FWIW, I had raised this as an issue several version ago when datetimes were being re-engineered. However, this was considered to be normal because a time alone cannot be expressed as a Unix timestamp (which I find to be a specious reason because there it is above, referenced to the Unix Epoch).

Well, the “timestamp” attribute is a misnomer, imho. It just holds the number of seconds since midnight local time, which is handy but not quite a Unix epoch.

today() would definitely improve a template’s legibility.

I think the shortest way to get the same result with what’s available today might be this and it’s still far from straightforward: (EDIT: meh, on second thought, still far from “shortest” especially if the 08:00 has to come from some other entity)

{{as_datetime(now().date() ~ 'T08:00').astimezone()}}

The alternative is to use now() and then replacing portions of it but that’s still verbose.

I agree it bends the definition of “timestamp” compared to how that word is used elsewhere (and fairly consistently) in Home Assistant. One discovers just how much ‘bending’ when attempting to use it as a datetime object (and one’s calculations are off by one’s timezone offset).
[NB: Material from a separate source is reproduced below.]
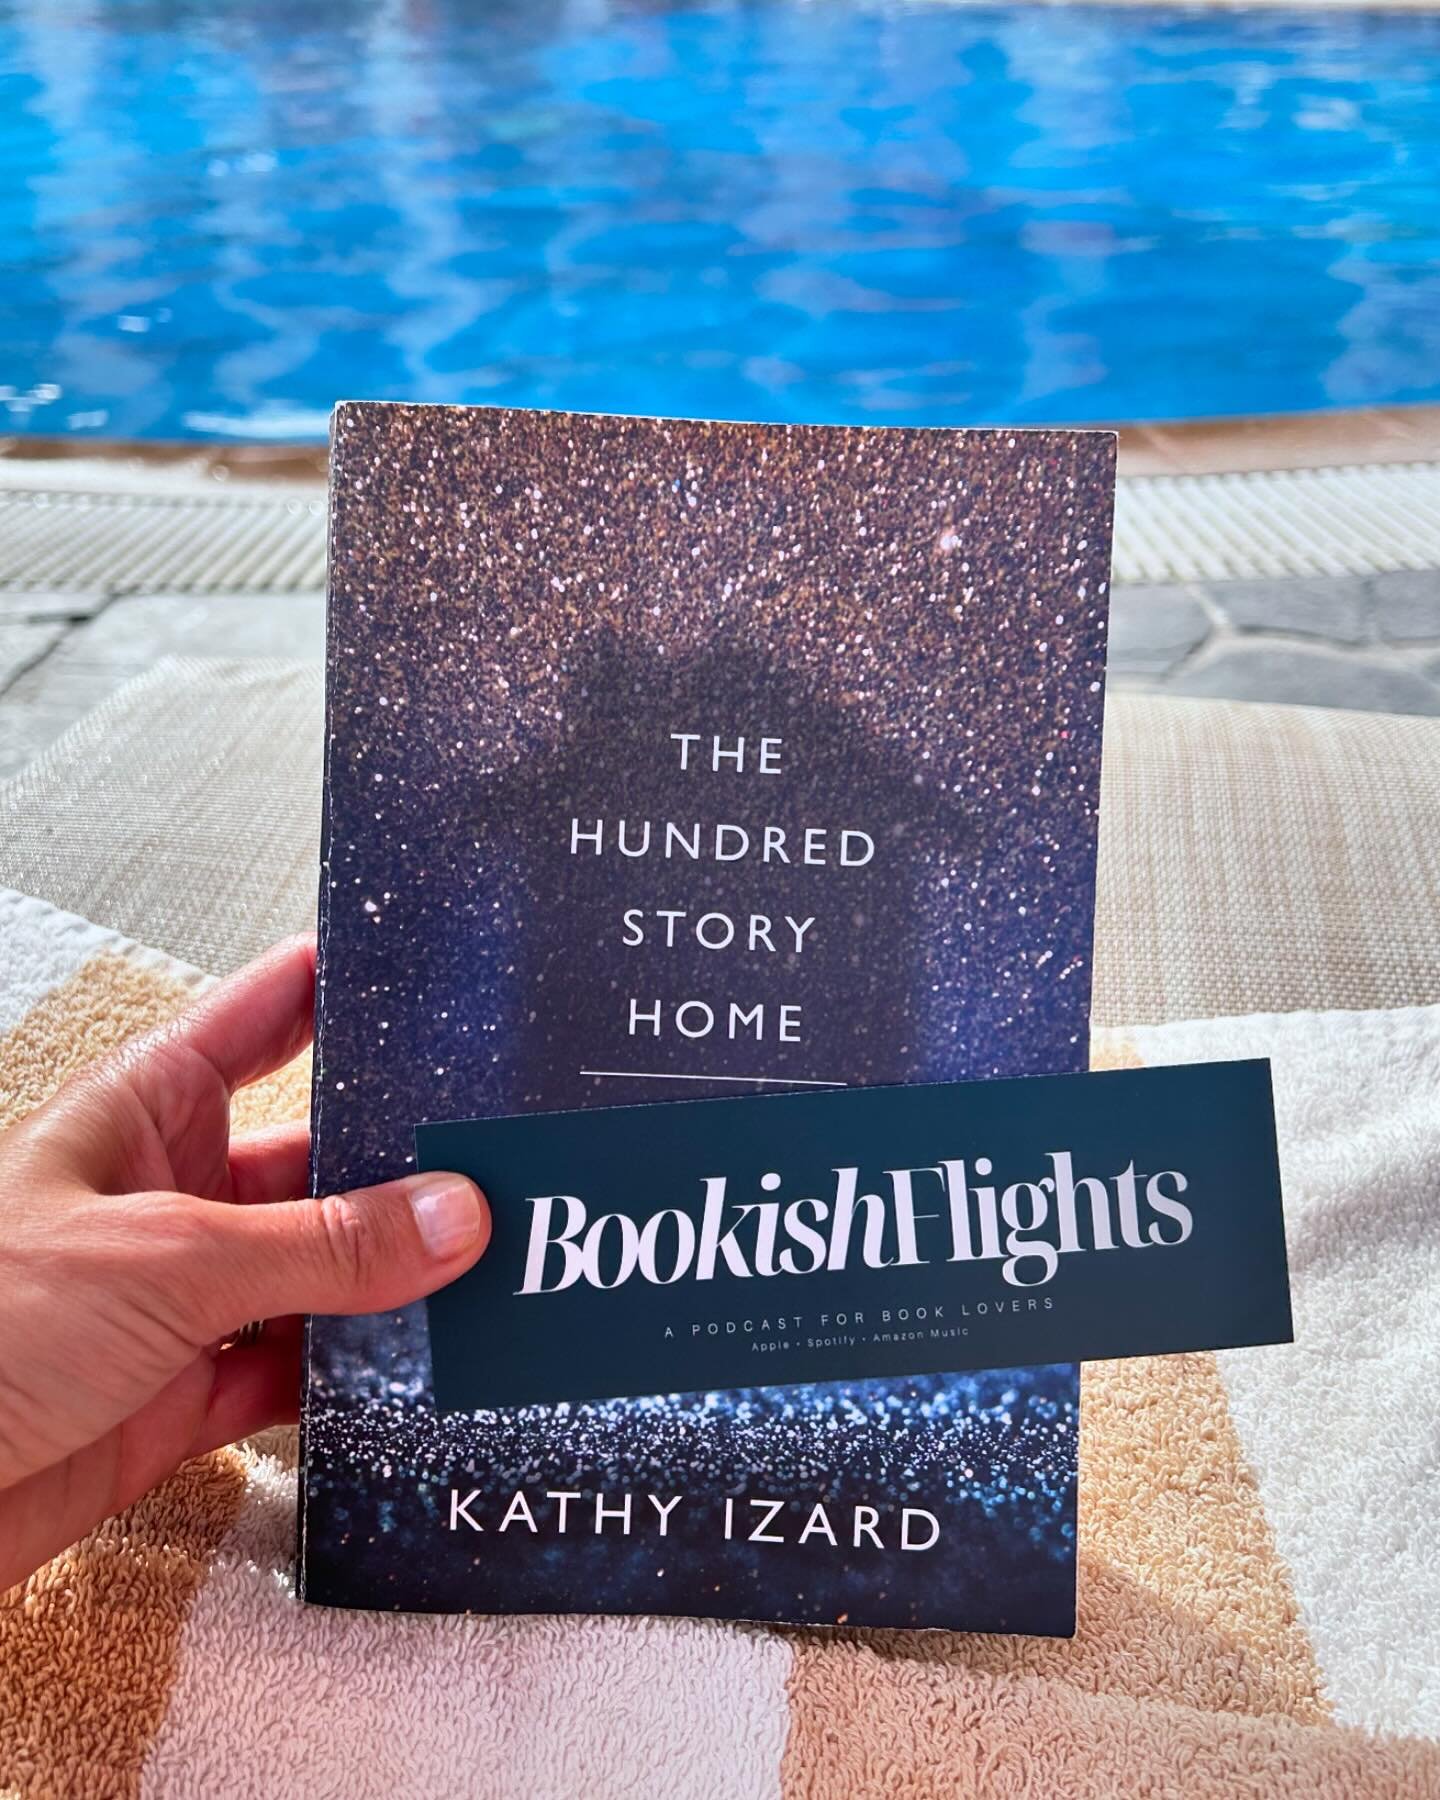 I wish I could give this book more than 5 stars. What an amazing memoir by Kathy Izard! Coincidentally, she launched her podcast today, Trust the Whisper. Congratulations Kathy! 

I love books that make me feel (I cried so many times while reading be

Anyway, it’s better now that it was 2.5 years ago (when I first started using Home Assistant) and discovered data and time calculations (a staple of home automation logic) were treated like second-class citizens. A few more ‘helper functions’ and it should make juggling date and time even easier.

That would eliminate a lot of headaches. I’d vote for that.

This makes more sense to me:
image

It breaks the “false” timestamp though.
OTOH, intput_datetime with date+time and date-only both have real timestamps, so for the sake of consistency…

The challenge presented by that proposal is that it deviates from the norm and needs to update its value on a daily basis. The other flavors of input_datetime use a fixed value.